There are no rules for digital assets in U.S. generally accepted accounting principles, or GAAP. The Financial Accounting Standards Board has formally rejected at least three requests to craft rules.

The basis for the latest rejection, in October, was that too few companies had material holdings in digital assets. While at the time companies like Overstock Inc. and Microsoft Corp. allowed customers to make payments in cryptocurrency, they turned those payments to cash. Such transactions don’t stay for long on a company’s balance sheet, eliminating any financial reporting questions.

Investments are another ball game. By their nature they endure as assets on company balance sheets. The investments matter to analysts and readers of company financial statements.

Industry Guidance

Absent formal accounting rules, the American Institute of CPAs in December 2019 issued non-binding guidance that cryptocurrency like Bitcoin should be accounted for as intangible assets, in accordance with ASC 350 Intangibles-Goodwill, Other. The panel that wrote the guidance reasoned that cryptocurrency didn’t meet the requirements in U.S. GAAP to be considered a financial instrument or inventory, said Matthew Schell, partner at Crowe LLP and a co-chair of the group that issued the guide.

The upshot: A company buying or investing in Bitcoin takes the value of the cryptocurrency at cost and records it as an asset on its balance sheet. There it stays, at the same amount, unless its value declines. If the company sees signs that the value has weakened, the company must record an impairment, which hits the income statement and reduces earnings. It must test the asset for impairment at least once a year, but more often if there are indications that the value is lower.

For a wildly fluctuating currency like Bitcoin, there could be plenty of signs prompting the company to test for impairment. But spikes in value get ignored. Under the accounting rules, a company can’t adjust the value of the asset upward. If it sells the currency at a high point, that’s when it gets to record the gains, Schell said.

There is nuance to the AICPA’s guidance. If a company qualifies as an investment company, as defined by ASC 946, Financial Services-Investment Companies, then it would account for the digital asset at fair value, which captures up and down movements in value, according to the guide.

For operating companies like Tesla and MicroStrategy, their holdings in Bitcoin will be accounted for as intangible assets. Tesla explained the accounting treatment in its Feb. 8 annual filing, and warned investors that impairments to the value of its Bitcoin could hit its earnings.

“As we currently intend to hold these assets long-term, these charges may negatively impact our profitability in the periods in which such impairments occur even if the overall market values of these assets increase,” Tesla wrote.

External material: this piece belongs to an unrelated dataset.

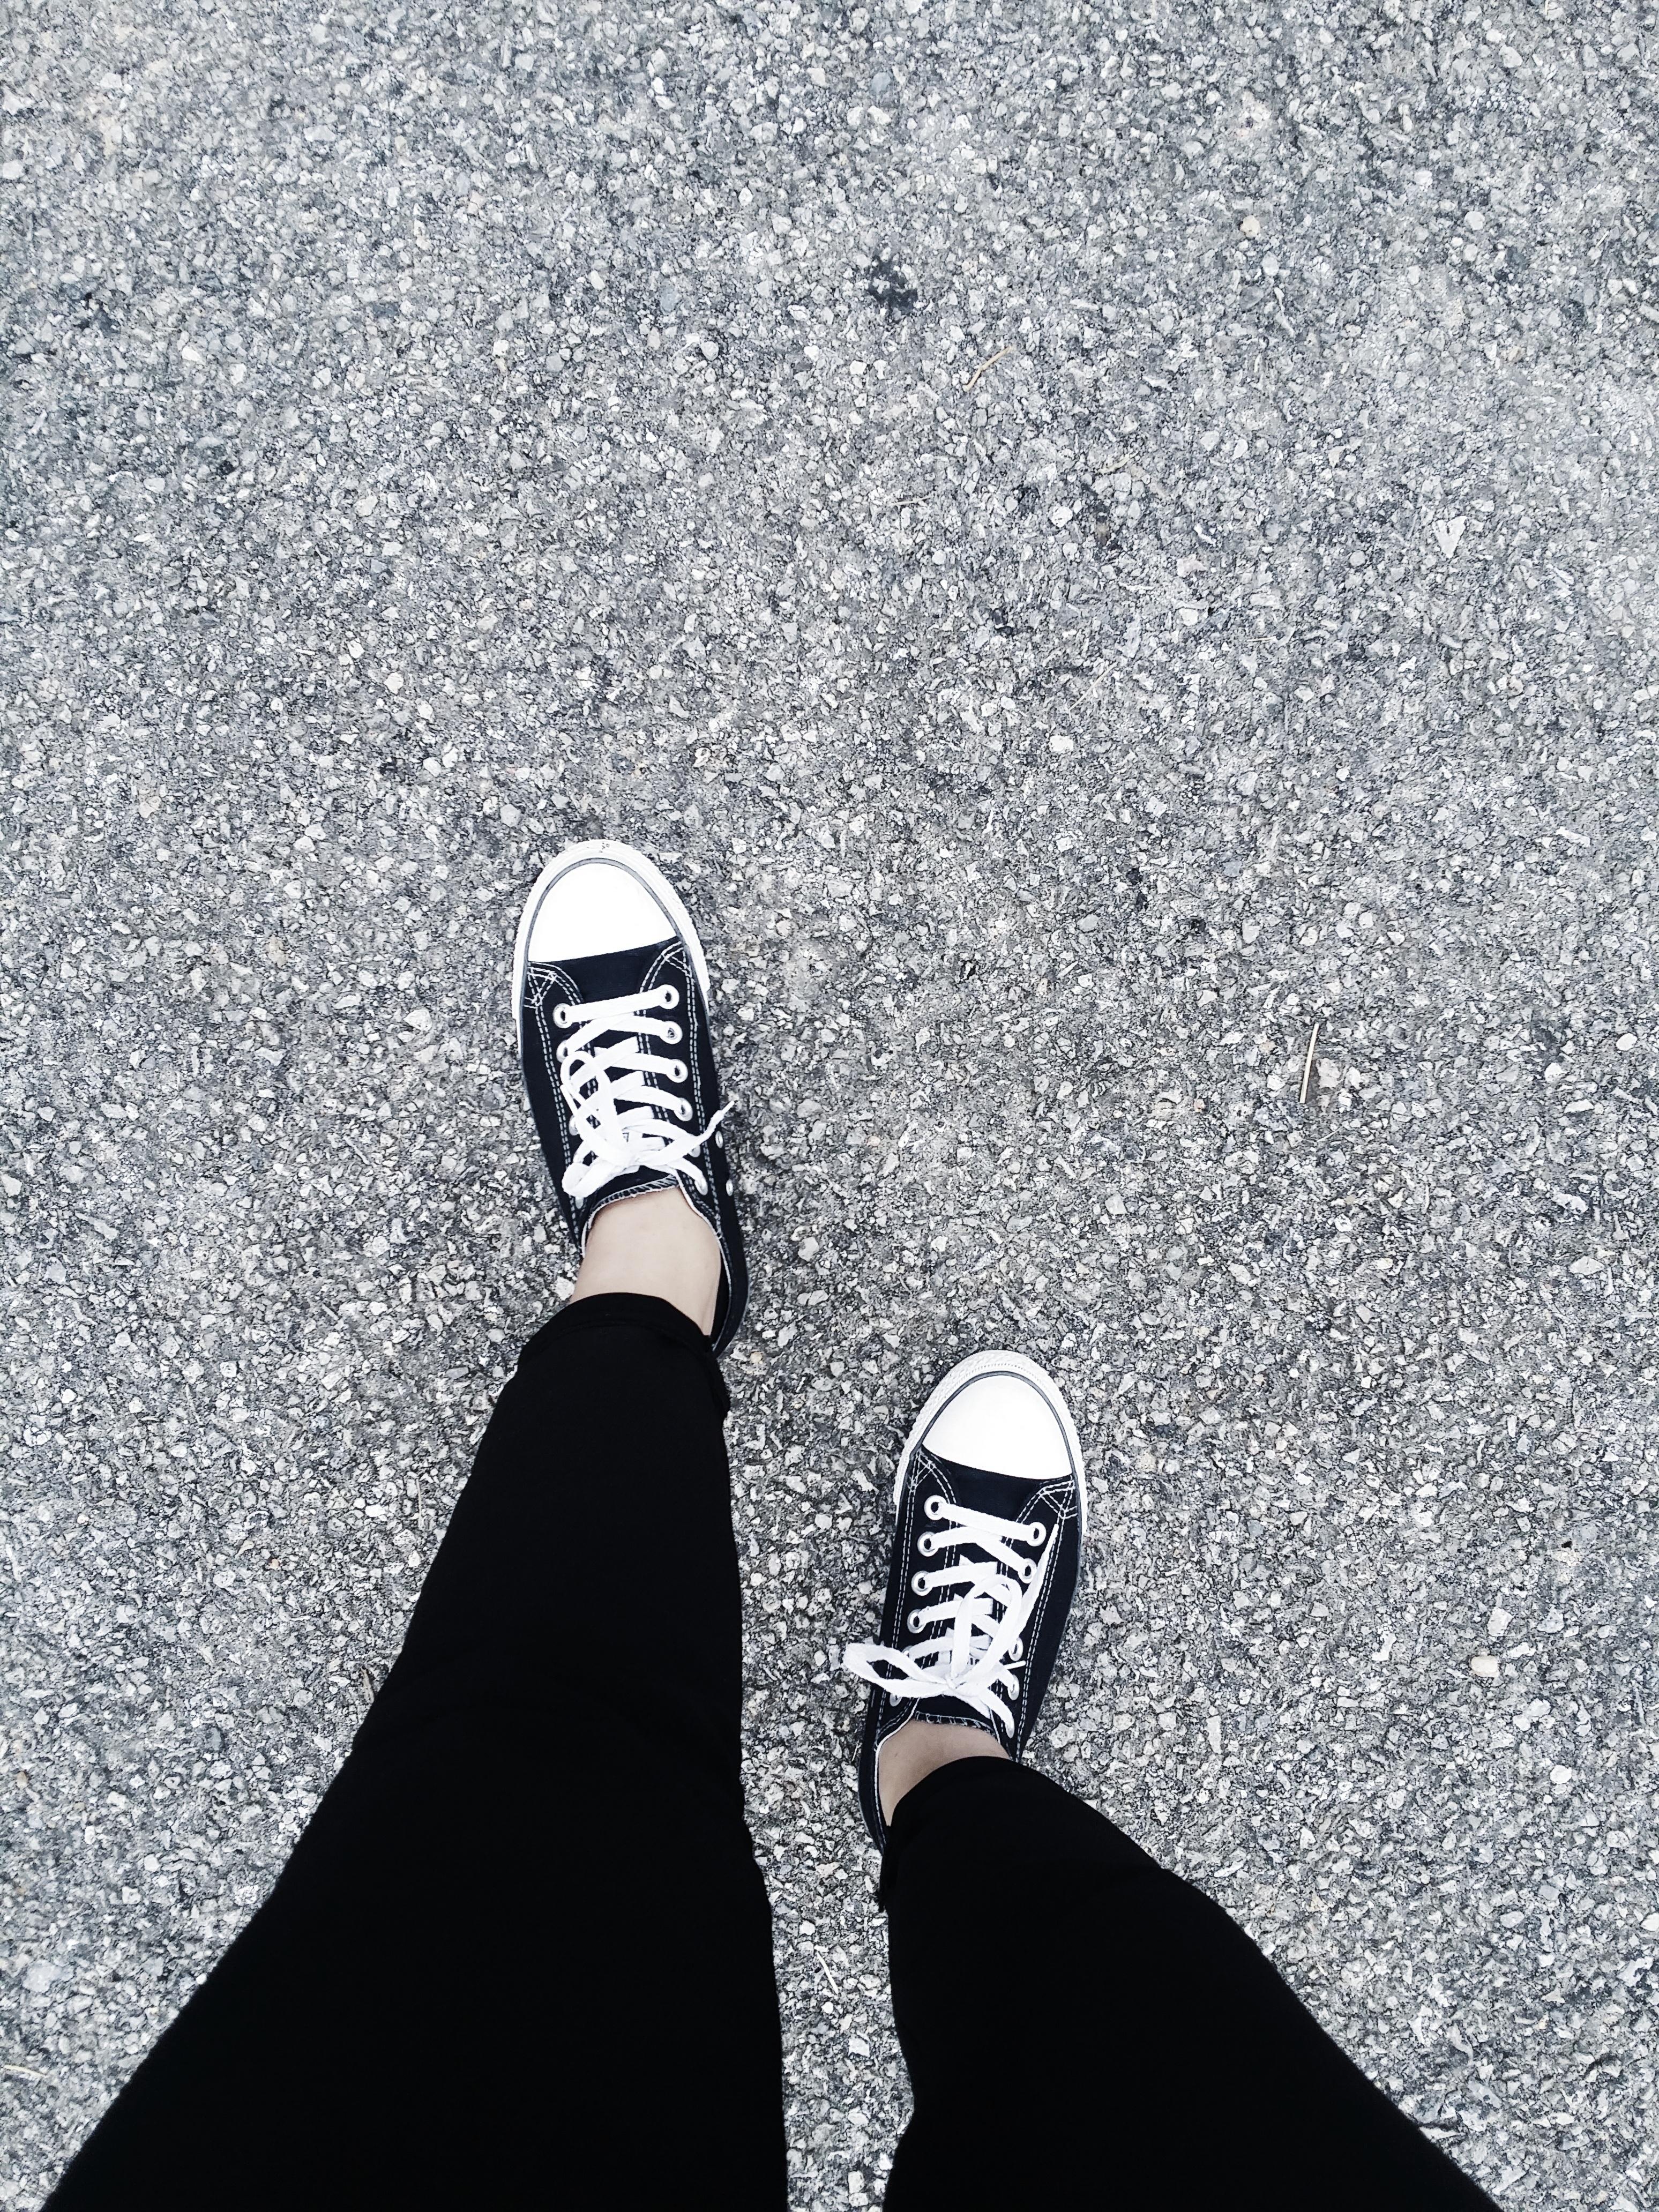 Fotos gratis : zapato, en blanco y negro, la carretera, suelo ...

To Sean Stein Smith, assistant economics professor at Lehman College in New York, the accounting treatment is akin to fitting a “square peg into a round hole.”

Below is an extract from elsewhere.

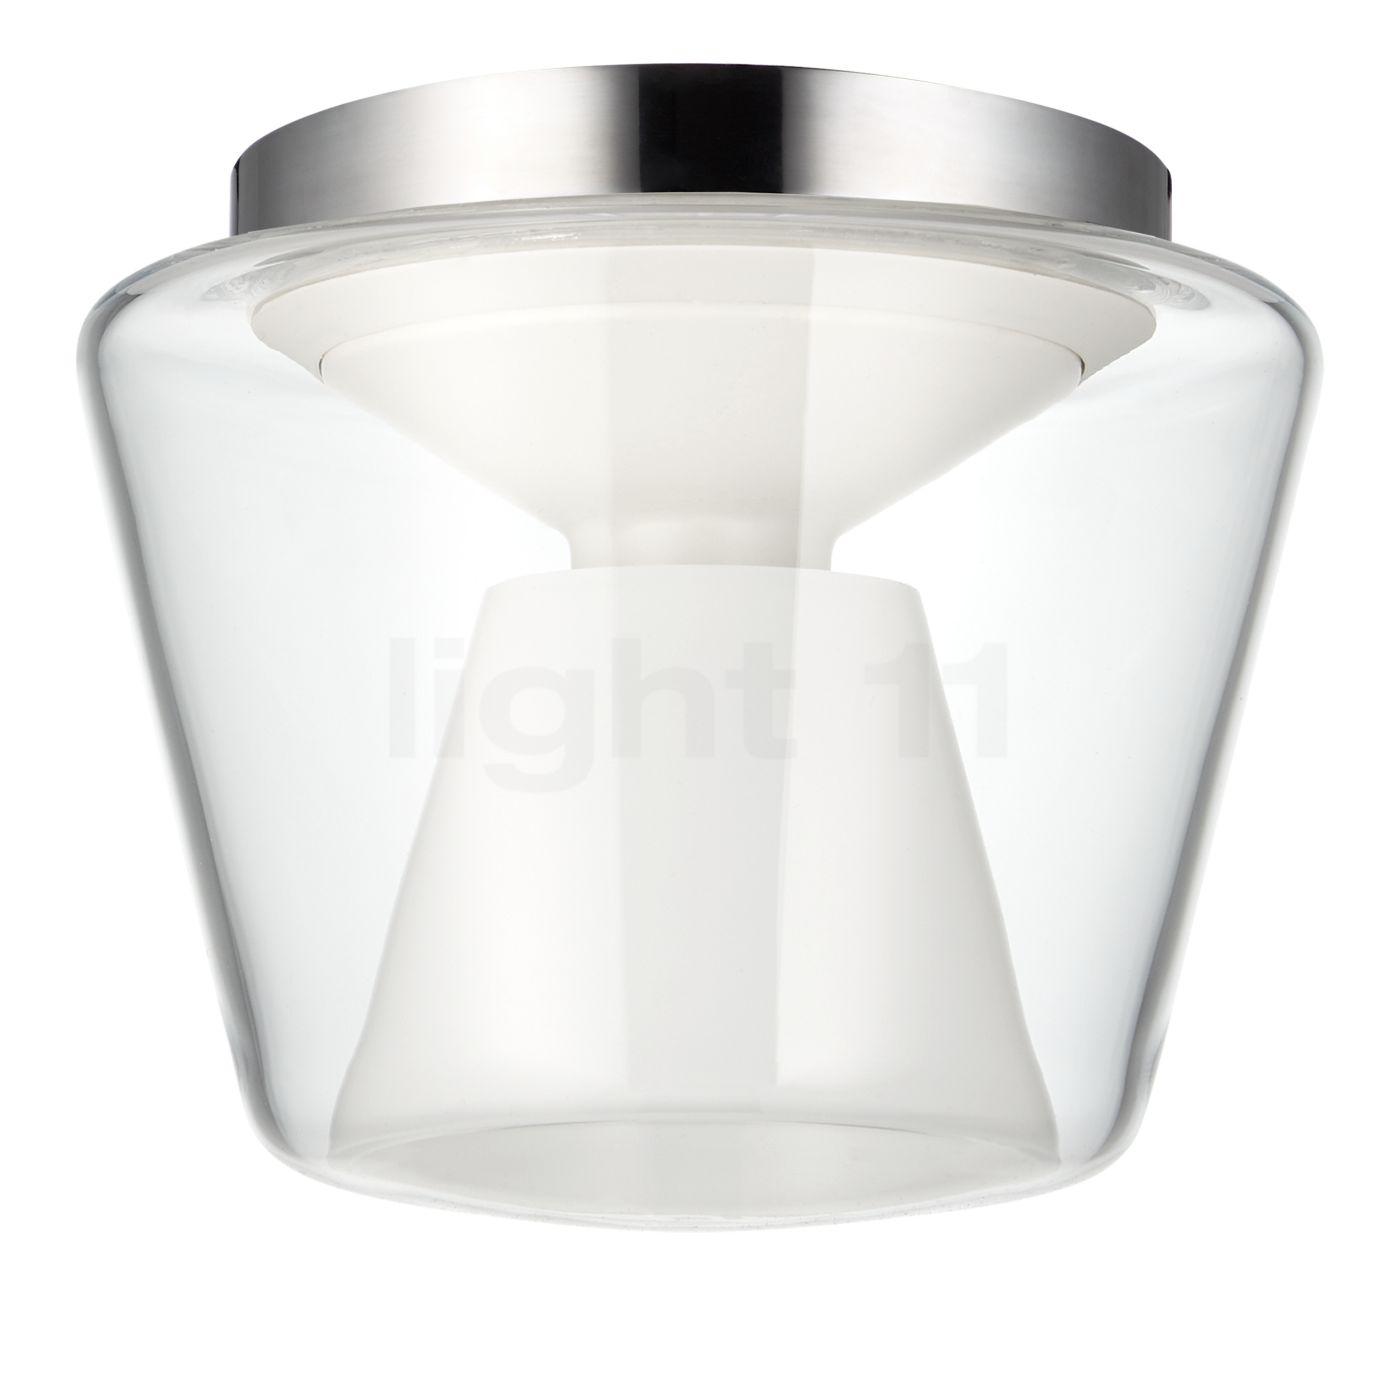 Serien Lighting Annex L 34 W Plafonnier LED, translucide clair/opale

“The asset class is too volatile, too fast-moving, too fast-growing to permanently cap it with an accounting treatment that is not built for a digital asset,” Smith said. He was one of three people who co-signed the last request to FASB to tackle accounting for digital currency.

FASB Holding Firm

In a statement Monday, FASB stood by its October decision not to develop new accounting rules for digital assets.

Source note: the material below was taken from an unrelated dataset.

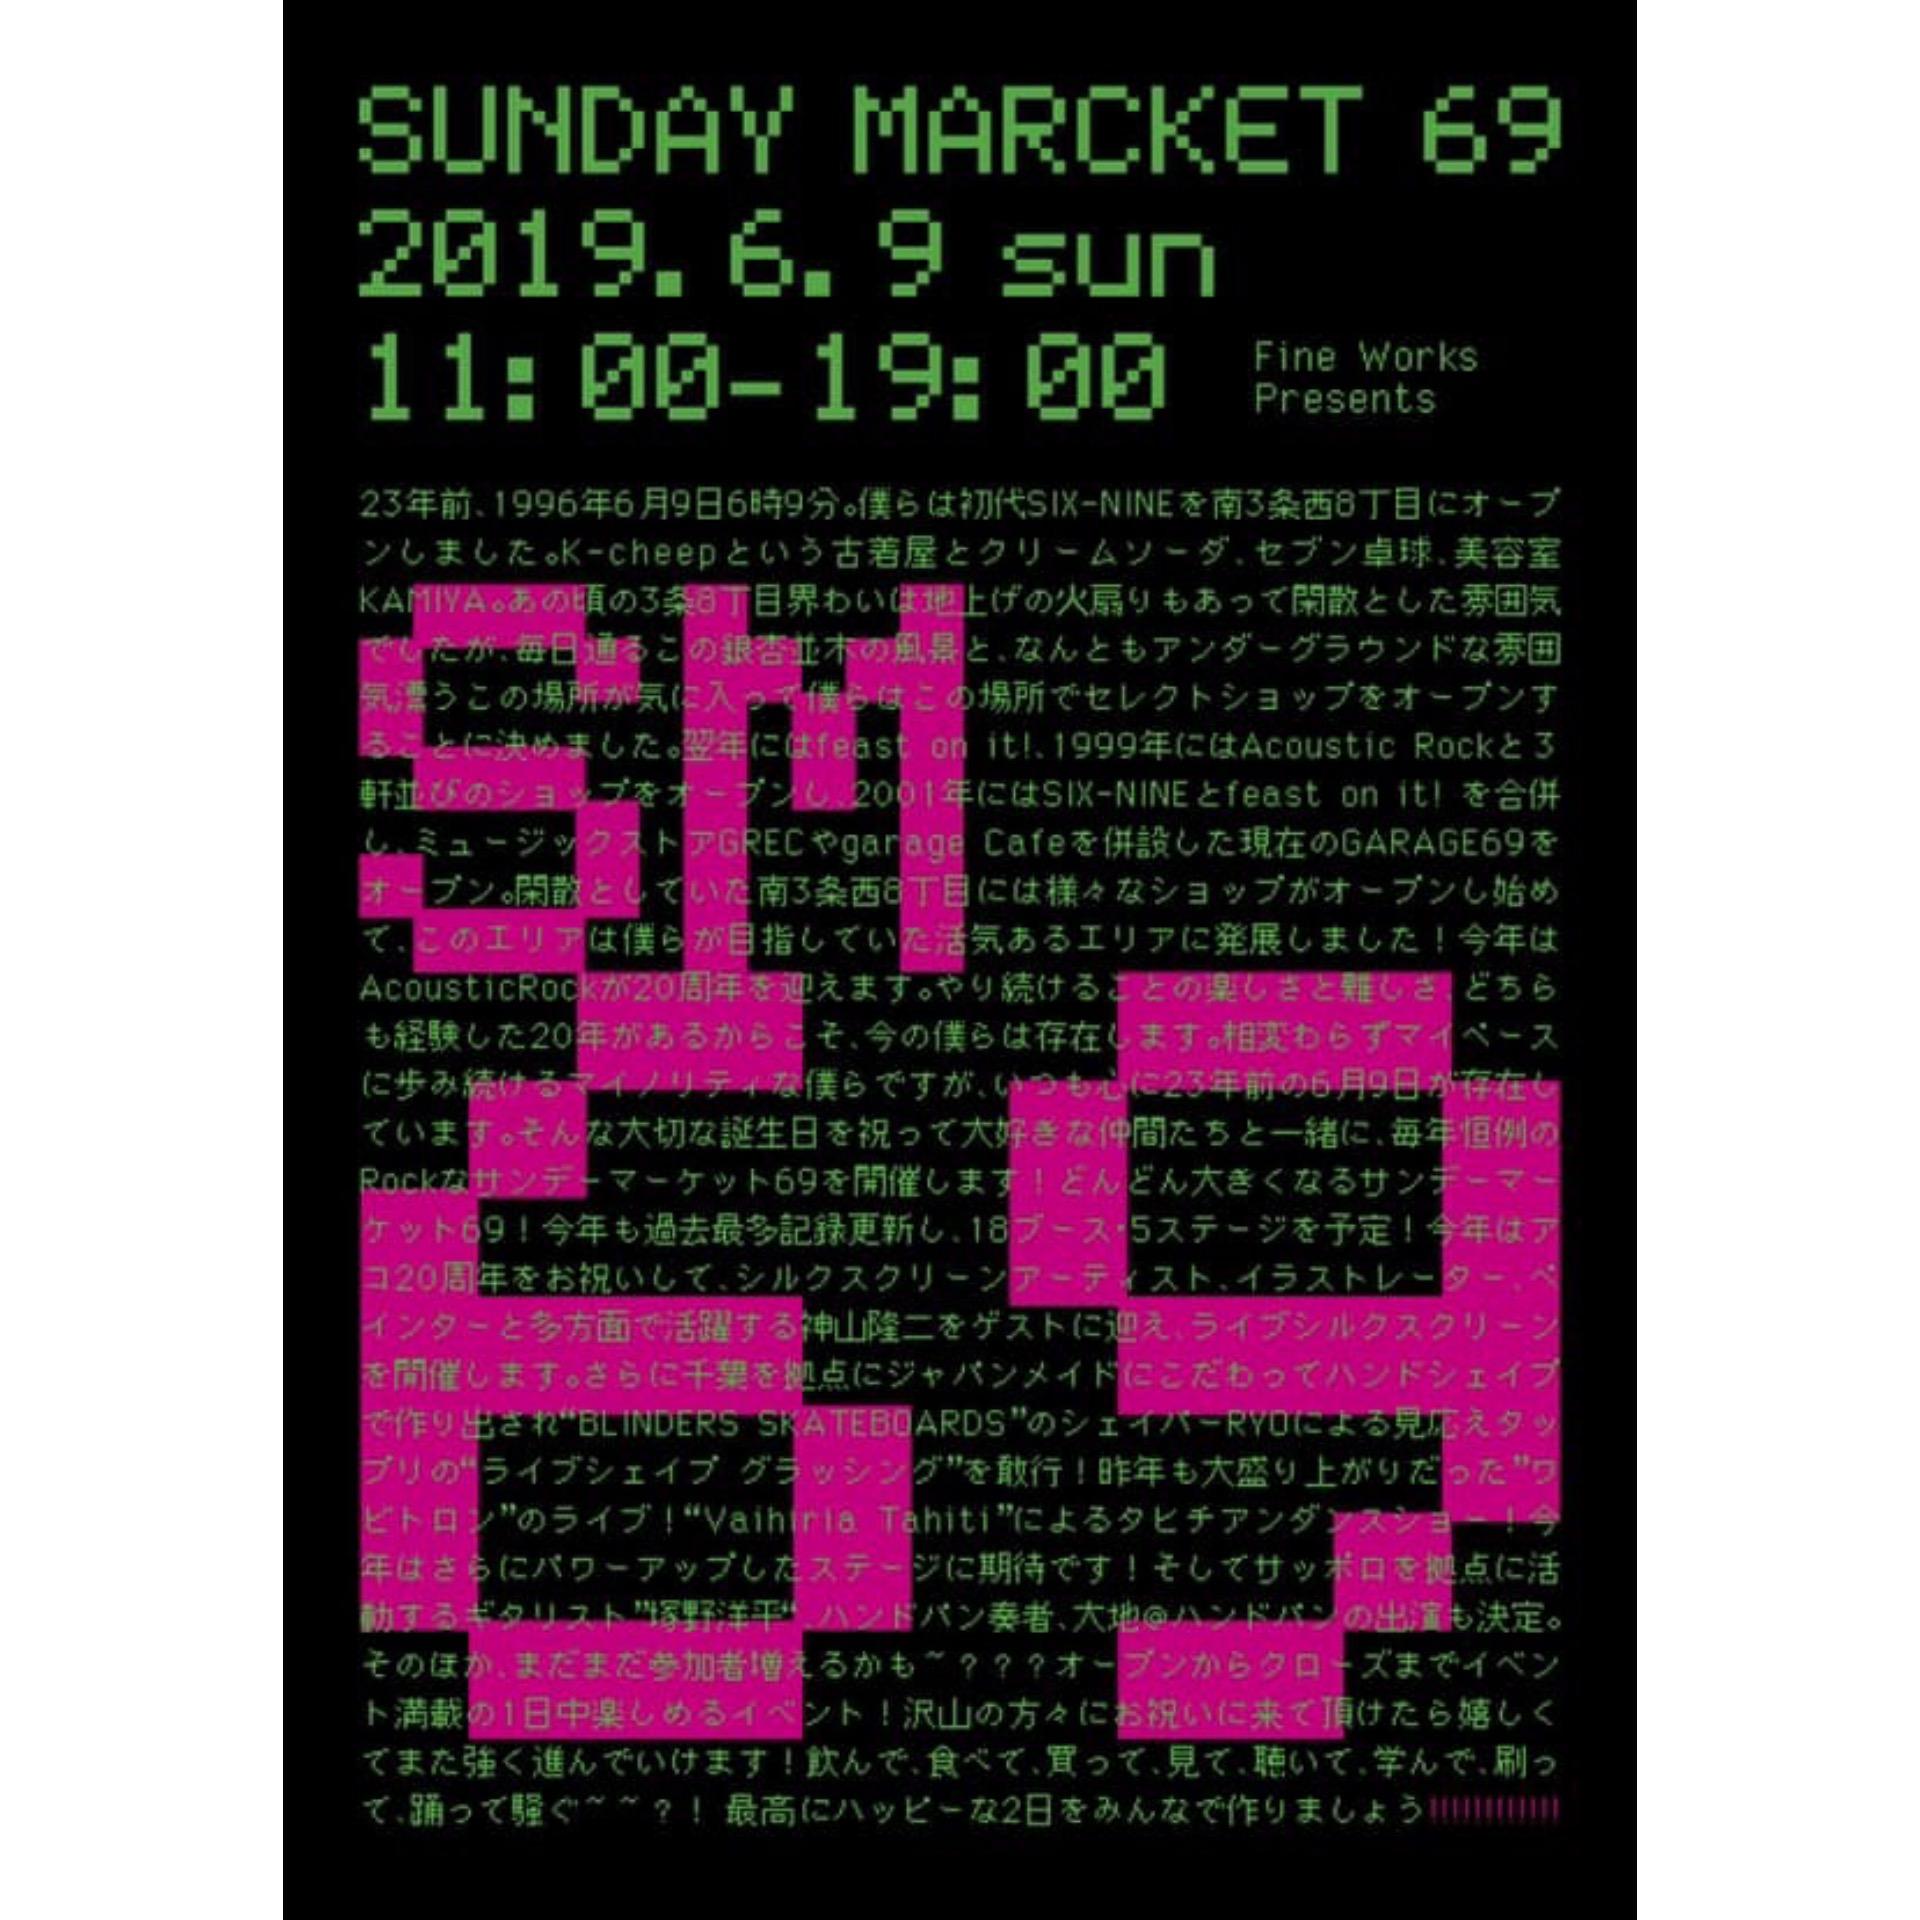 サンデーマーケット69

“The recent investment by one entity, in and of itself, would not have changed that evaluation,” the board said.

FASB is currently researching improvements to intangible assets, broadly, but is primarily focused on intangible assets that a company generates itself.

“While digital currencies are not currently the focus of the research project, that topic could be considered as part of the research project in the future,” the board said.